My read on all this is that women are more often the younger person in a May-December arrangement and have a lot to lose if they don't talk about the future, about money and estate-planning.
Here's what the experts recommend:
- Marry the guy but get a prenup in place and a will that outlines the assets you are entitled to at his death. A prenup forces both of you to disclose all assets and liabilities. If you just live together until he dies, it's a lot more difficult to sort out benefits, pension money and assets. If you are married for 10 years or more, you can claim spousal benefits from Social Security for instance.
The prenup planning process forces you to think about what could happen if one of you becomes sick or permanently disabled, say Wall and Bahr at wife.org.
- Buy a term life insurance policy naming you as the beneficiary. This protects you if all his assets go to his kids, not you. That way you're not hanging out there with nothing.

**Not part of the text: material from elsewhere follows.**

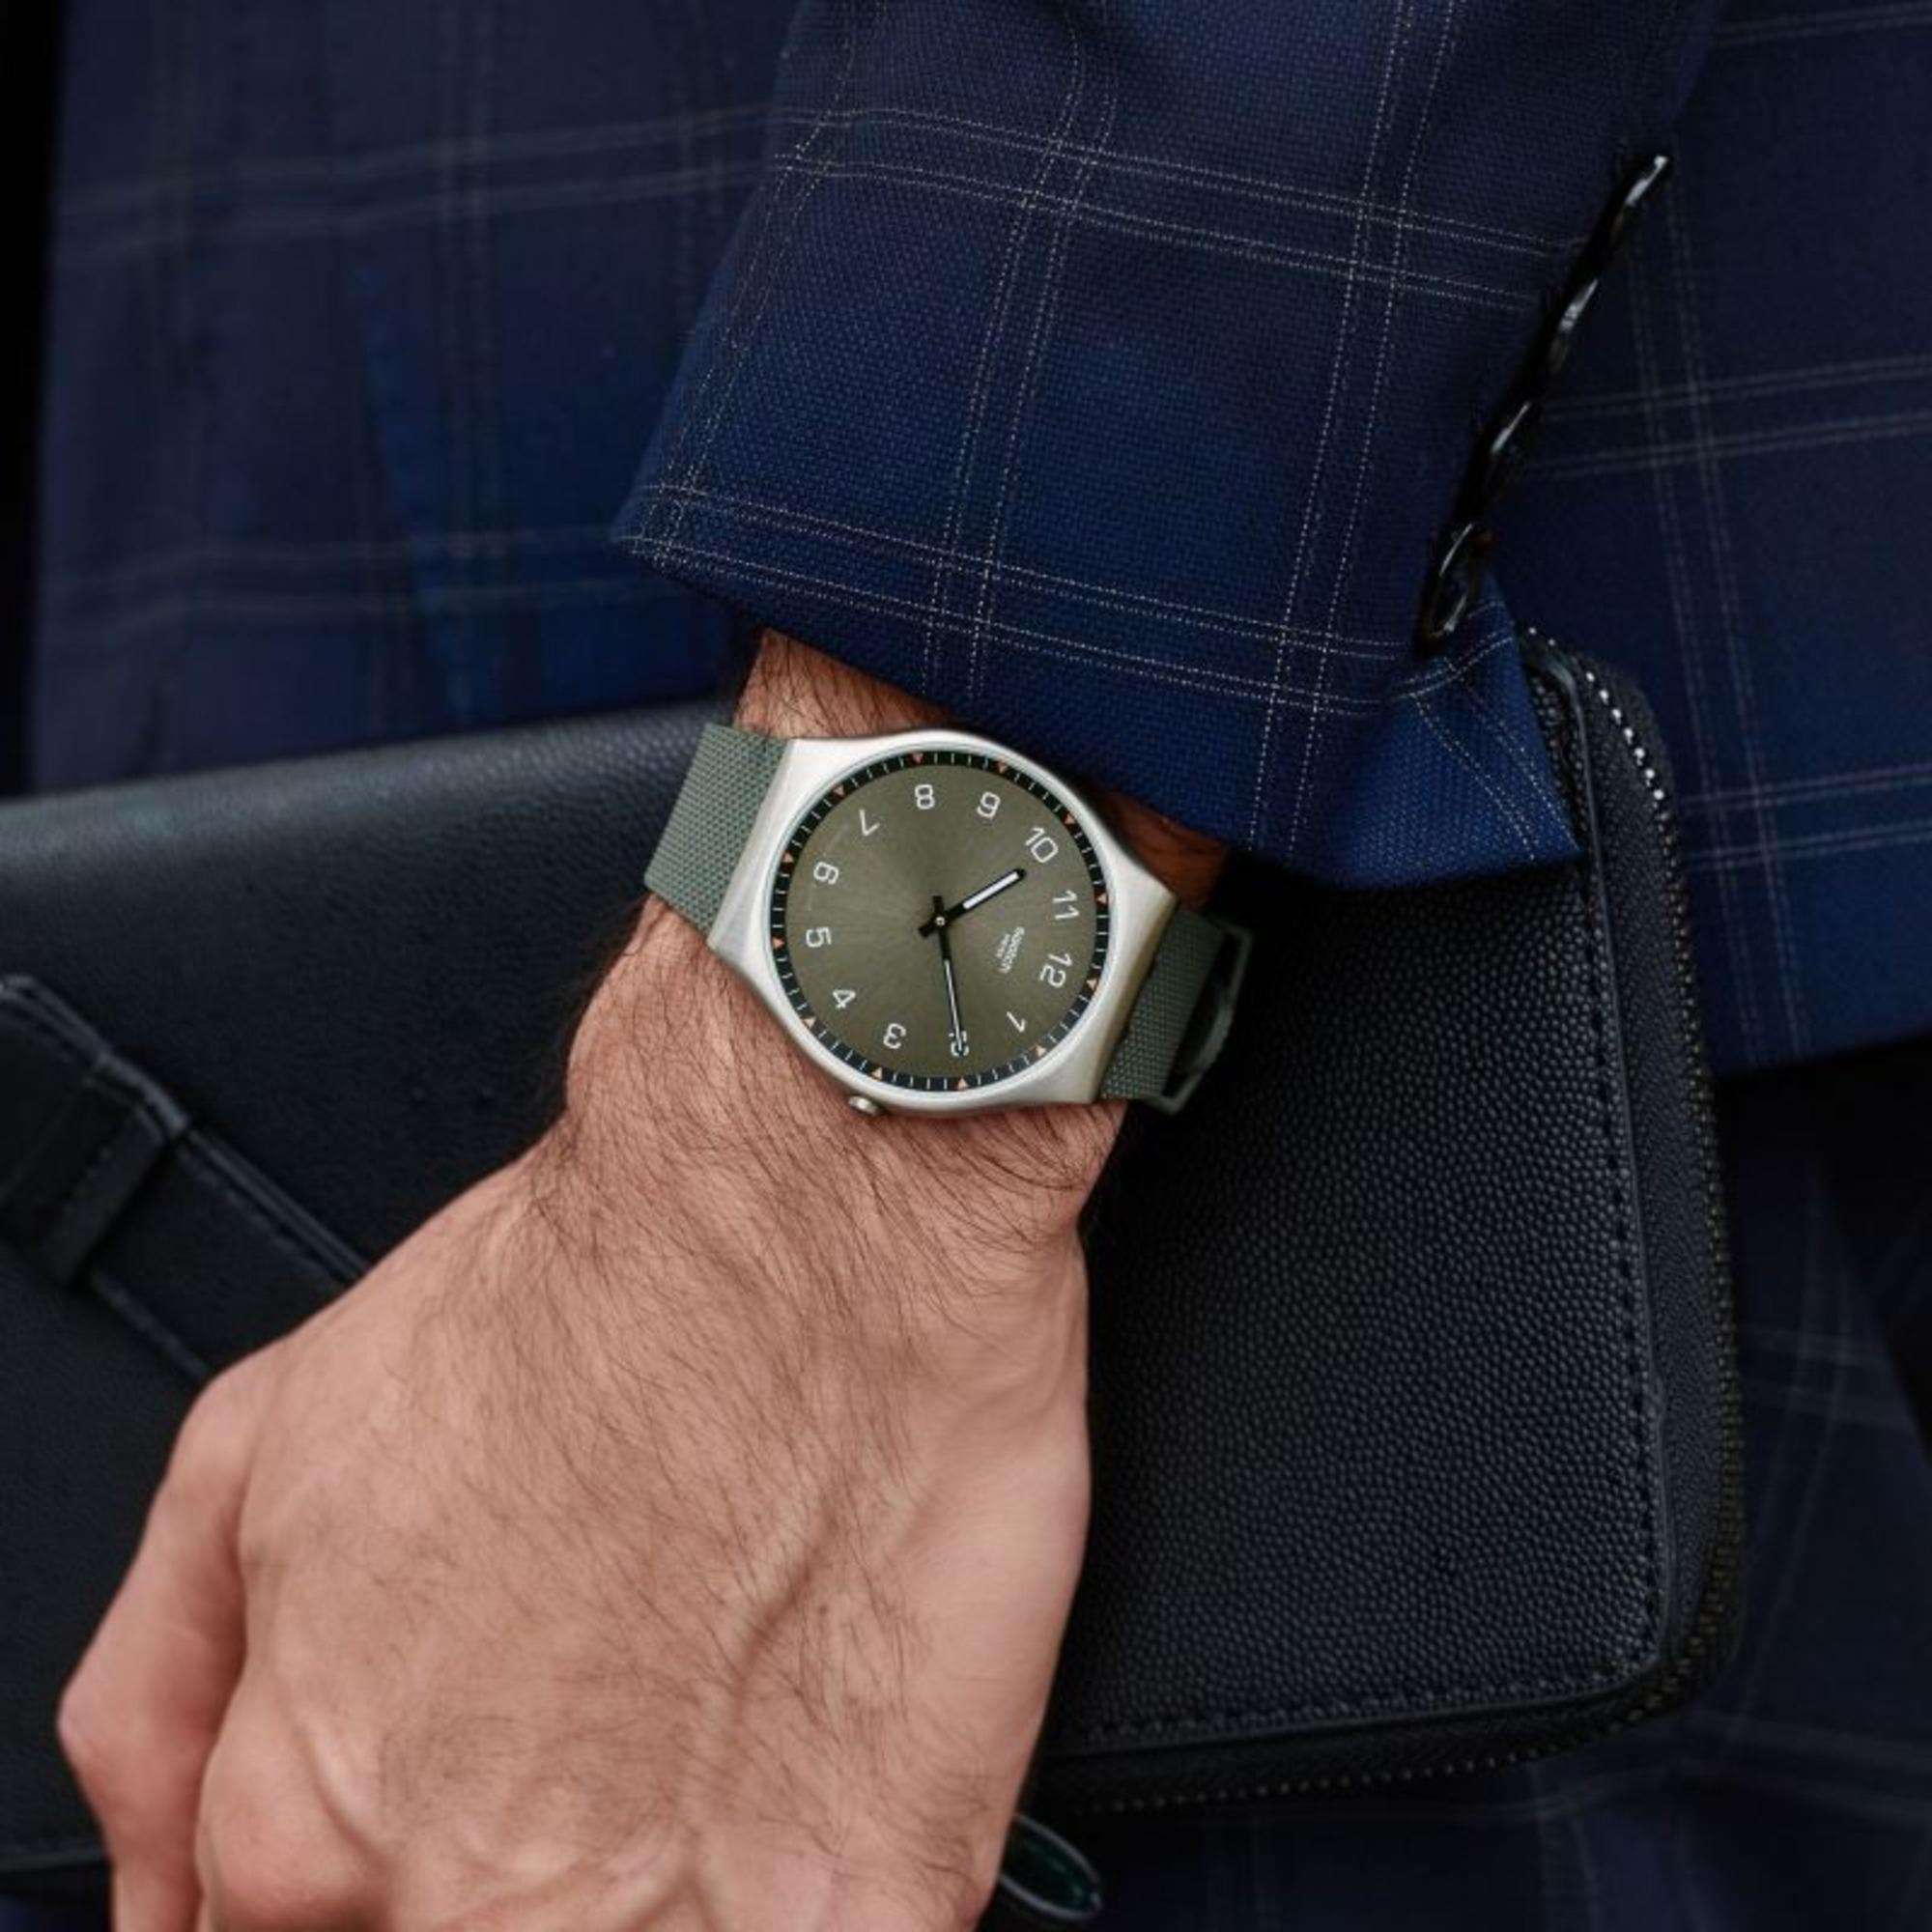 Reloj Hombre Fashion Análogo SS07S103 Gris Swatch - Compra Ahora

- Buy long-term care insurance on the older spouse as a way to keep care costs from eating up your combined nest egg. Very little of in-home care is covered by Medicare. This is the most under-planned part of peoples' estate planning, my financial adviser friends tell me. Will you be caring for him and working at the same time? Probably not.
- Take charge of your own money. Women tend to not invest as aggressively as men. As a result their retirement investments lag in growth value. right now, your household is supported by two incomes his and yours. Put more of yours into retirement savings while you can.
- Make a list of tangible assets designating who gets what when. Does his furniture go to his kids, if he dies? What about the cars, the camping equipment? Make sure you know what happens, if something happens.
- Get your wills and health directives up to date. If he has a stroke, what measures does he want taken or not taken in terms of keeping him alive?
- Don't just sit there in a relationship where you can already see how it's going to end.
As they put it at wife.org, "One of the greatest gifts you can give to each other is settling these issues before something really bad happens." Thank god for Viagra! At least that's not a problem.